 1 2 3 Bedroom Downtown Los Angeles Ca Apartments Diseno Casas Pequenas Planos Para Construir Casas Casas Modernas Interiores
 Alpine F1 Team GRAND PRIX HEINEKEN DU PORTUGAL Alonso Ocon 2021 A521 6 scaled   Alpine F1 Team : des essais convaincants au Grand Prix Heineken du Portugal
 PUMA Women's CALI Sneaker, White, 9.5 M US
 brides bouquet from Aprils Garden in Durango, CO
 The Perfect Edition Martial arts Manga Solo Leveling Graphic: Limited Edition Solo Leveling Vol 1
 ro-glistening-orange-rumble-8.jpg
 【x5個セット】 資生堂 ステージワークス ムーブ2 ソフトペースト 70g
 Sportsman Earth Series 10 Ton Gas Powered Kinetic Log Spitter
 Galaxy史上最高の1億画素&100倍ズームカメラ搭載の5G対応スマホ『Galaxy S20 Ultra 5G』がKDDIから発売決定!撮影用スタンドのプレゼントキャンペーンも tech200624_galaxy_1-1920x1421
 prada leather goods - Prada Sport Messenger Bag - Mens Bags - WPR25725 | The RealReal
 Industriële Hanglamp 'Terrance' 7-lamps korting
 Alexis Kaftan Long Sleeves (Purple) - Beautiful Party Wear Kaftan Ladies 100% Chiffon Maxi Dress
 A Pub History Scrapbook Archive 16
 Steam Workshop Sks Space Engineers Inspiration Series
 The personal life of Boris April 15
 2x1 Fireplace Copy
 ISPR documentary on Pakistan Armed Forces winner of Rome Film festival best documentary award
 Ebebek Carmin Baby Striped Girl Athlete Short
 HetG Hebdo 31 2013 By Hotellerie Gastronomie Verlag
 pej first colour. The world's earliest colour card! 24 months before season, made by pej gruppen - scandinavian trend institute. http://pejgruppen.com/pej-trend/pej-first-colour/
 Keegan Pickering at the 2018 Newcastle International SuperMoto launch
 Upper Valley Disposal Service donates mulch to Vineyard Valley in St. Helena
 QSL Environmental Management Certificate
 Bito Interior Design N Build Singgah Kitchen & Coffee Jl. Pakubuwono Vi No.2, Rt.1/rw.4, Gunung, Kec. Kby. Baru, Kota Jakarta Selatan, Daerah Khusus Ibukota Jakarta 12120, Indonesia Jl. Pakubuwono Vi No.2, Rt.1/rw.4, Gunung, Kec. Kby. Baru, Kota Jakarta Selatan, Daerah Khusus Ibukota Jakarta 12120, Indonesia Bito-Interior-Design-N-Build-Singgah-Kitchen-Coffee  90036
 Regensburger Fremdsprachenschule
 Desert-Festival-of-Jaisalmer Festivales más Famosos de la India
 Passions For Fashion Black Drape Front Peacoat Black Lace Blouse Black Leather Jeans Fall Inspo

*-*-*

_What you should do_: Each line in the entries above, starting at the line with "Galaxy史上最高の1億画素&100倍ズームカメラ搭載の5G対応スマホ『Galaxy S20 Ultra" and ending at the line with "QSL Environmental Management Certificate", is to be printed exactly, and only those lines.

_Result_:
 Galaxy史上最高の1億画素&100倍ズームカメラ搭載の5G対応スマホ『Galaxy S20 Ultra 5G』がKDDIから発売決定!撮影用スタンドのプレゼントキャンペーンも tech200624_galaxy_1-1920x1421
 prada leather goods - Prada Sport Messenger Bag - Mens Bags - WPR25725 | The RealReal
 Industriële Hanglamp 'Terrance' 7-lamps korting
 Alexis Kaftan Long Sleeves (Purple) - Beautiful Party Wear Kaftan Ladies 100% Chiffon Maxi Dress
 A Pub History Scrapbook Archive 16
 Steam Workshop Sks Space Engineers Inspiration Series
 The personal life of Boris April 15
 2x1 Fireplace Copy
 ISPR documentary on Pakistan Armed Forces winner of Rome Film festival best documentary award
 Ebebek Carmin Baby Striped Girl Athlete Short
 HetG Hebdo 31 2013 By Hotellerie Gastronomie Verlag
 pej first colour. The world's earliest colour card! 24 months before season, made by pej gruppen - scandinavian trend institute. http://pejgruppen.com/pej-trend/pej-first-colour/
 Keegan Pickering at the 2018 Newcastle International SuperMoto launch
 Upper Valley Disposal Service donates mulch to Vineyard Valley in St. Helena
 QSL Environmental Management Certificate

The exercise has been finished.